Geschäftlich lief es dagegen alles andere als rund. 1937 starb der Firmengründer Vincenzo Lancia und die Familie übernahm das Zepter. Der bereits nach dem Krieg eingestiegene Geldgeber Carlo Pesenti übernahm 1955 das Kommando im Konzern. Aber auch er ließ den nötigen unternehmerischen Spürsinn vermissen und war schließlich 1969 gezwungen Lancia an den Fiat-Konzern zu verkaufen.
Fortan konnte die Marke zwar auf Konstruktionen des großen Konzernverbunds zurückgreifen, verlor aber immer mehr an Identität. Die Genialität, das Streben nach der optimalen Lösung geriet zusehends in den Hintergrund. Lancia-Fahrzeuge verkamen immer mehr zu einer Variante eines Fiat-Modells. Das merkten auch die Kunden und blieben den Lancia-Autohäusern fern.

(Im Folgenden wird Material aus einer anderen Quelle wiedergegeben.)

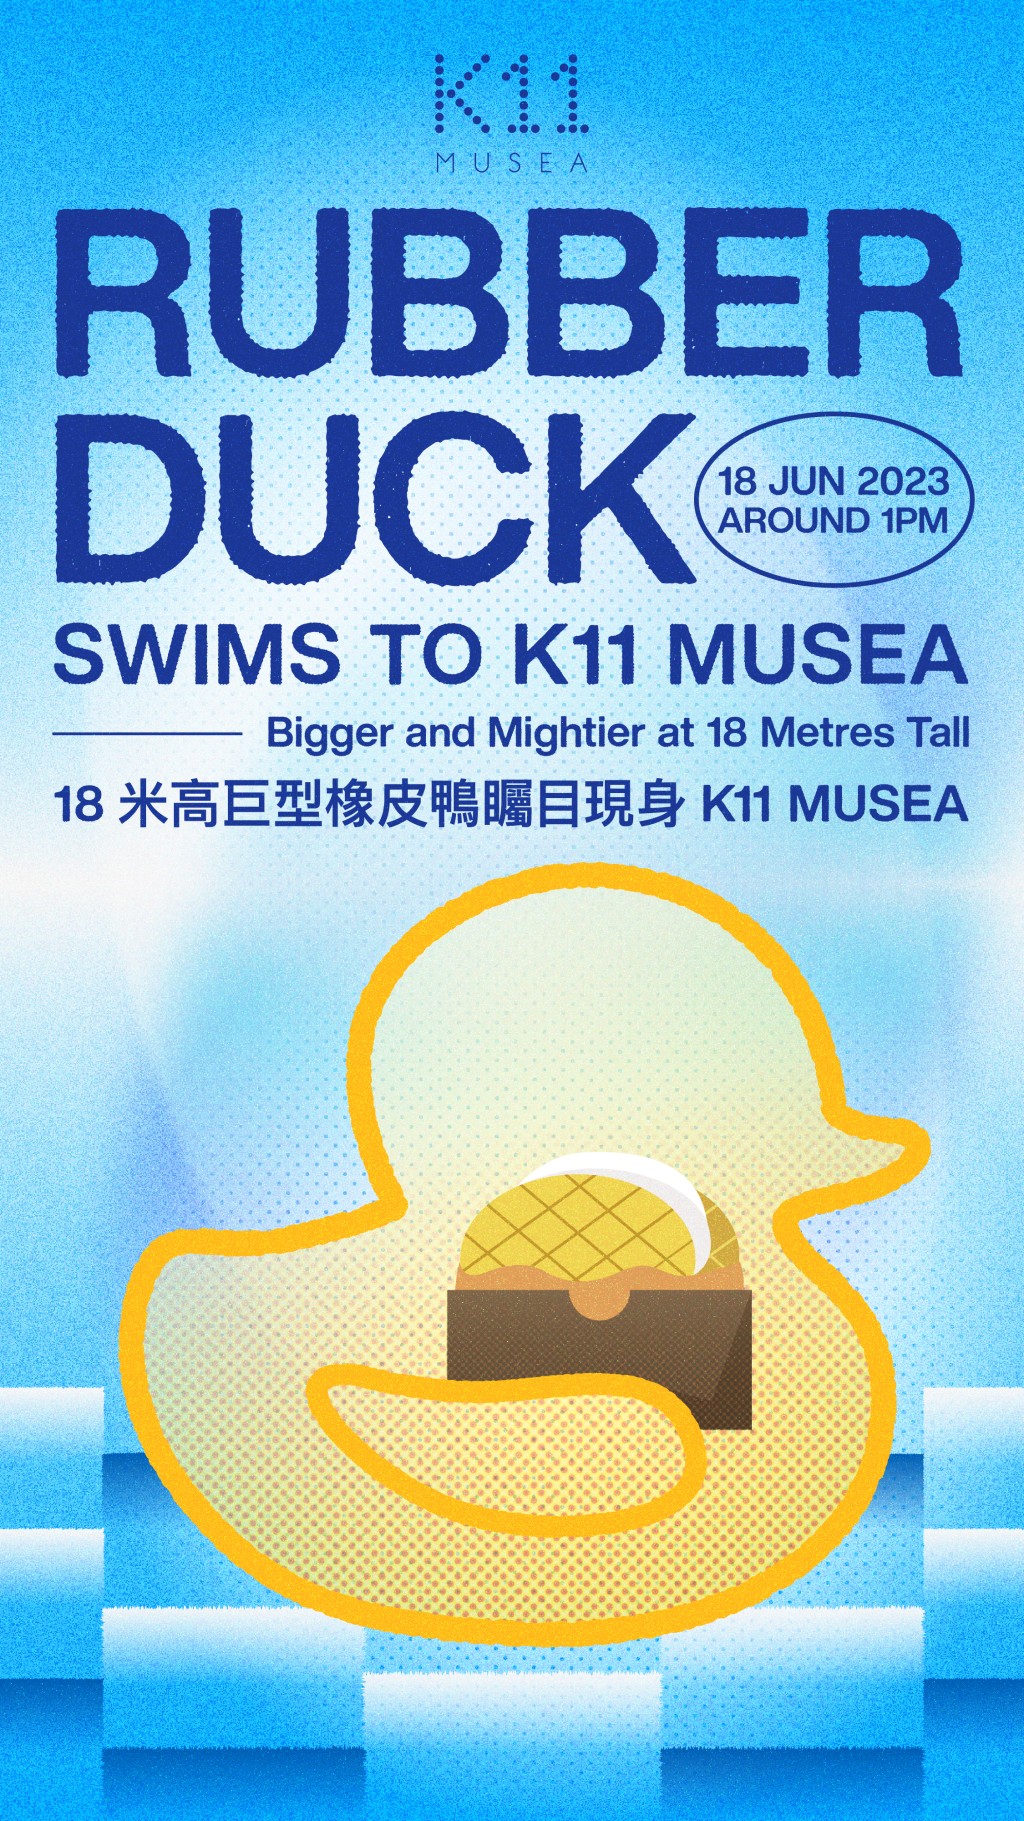 橡皮鴨下周日下午1至2時將游到 K11 MUSEA。

Den endgültigen Todesstoß versetzte der Marke aber ausgerechnet das große Sterben der Big Three in Detroit: Fiat kaufte den angezählten Chrysler-Konzern und beschloss, fortan auf dem europäischen Markt Chrysler-Fahrzeuge unter dem Markennamen Lancia zu verkaufen. Schnöde US-Großserientechnik unter dem Deckmantel des einstmals exklusiven Premiumherstellers Lancia. Somit konnten auch die letzten Traditionalisten, die der Marke bis zuletzt die Stange hielten nachhaltig verschreckt werden.

Epilog

Müsste man eine Anleitung schreiben, wie man eine gute Marke nachhaltig erst ihrer Seele beraubt, um sie dann zombiehaft im Wachkoma dahinsiechen zu lassen, die Geschichte von Lancia wäre das perfekte Beispiel. Wir erinnern uns jedoch gerne an die großen Würfe, den Engwinkel-V4, die zerfaserte Modellpolitik und ja, auch an 25-teilige Aschenbecher, die zwar auch nur die verbrauchten Kippen aufnahmen, das aber nach den höchsten konstruktiven Ansprüchen. Ruhe sanft, Lancia!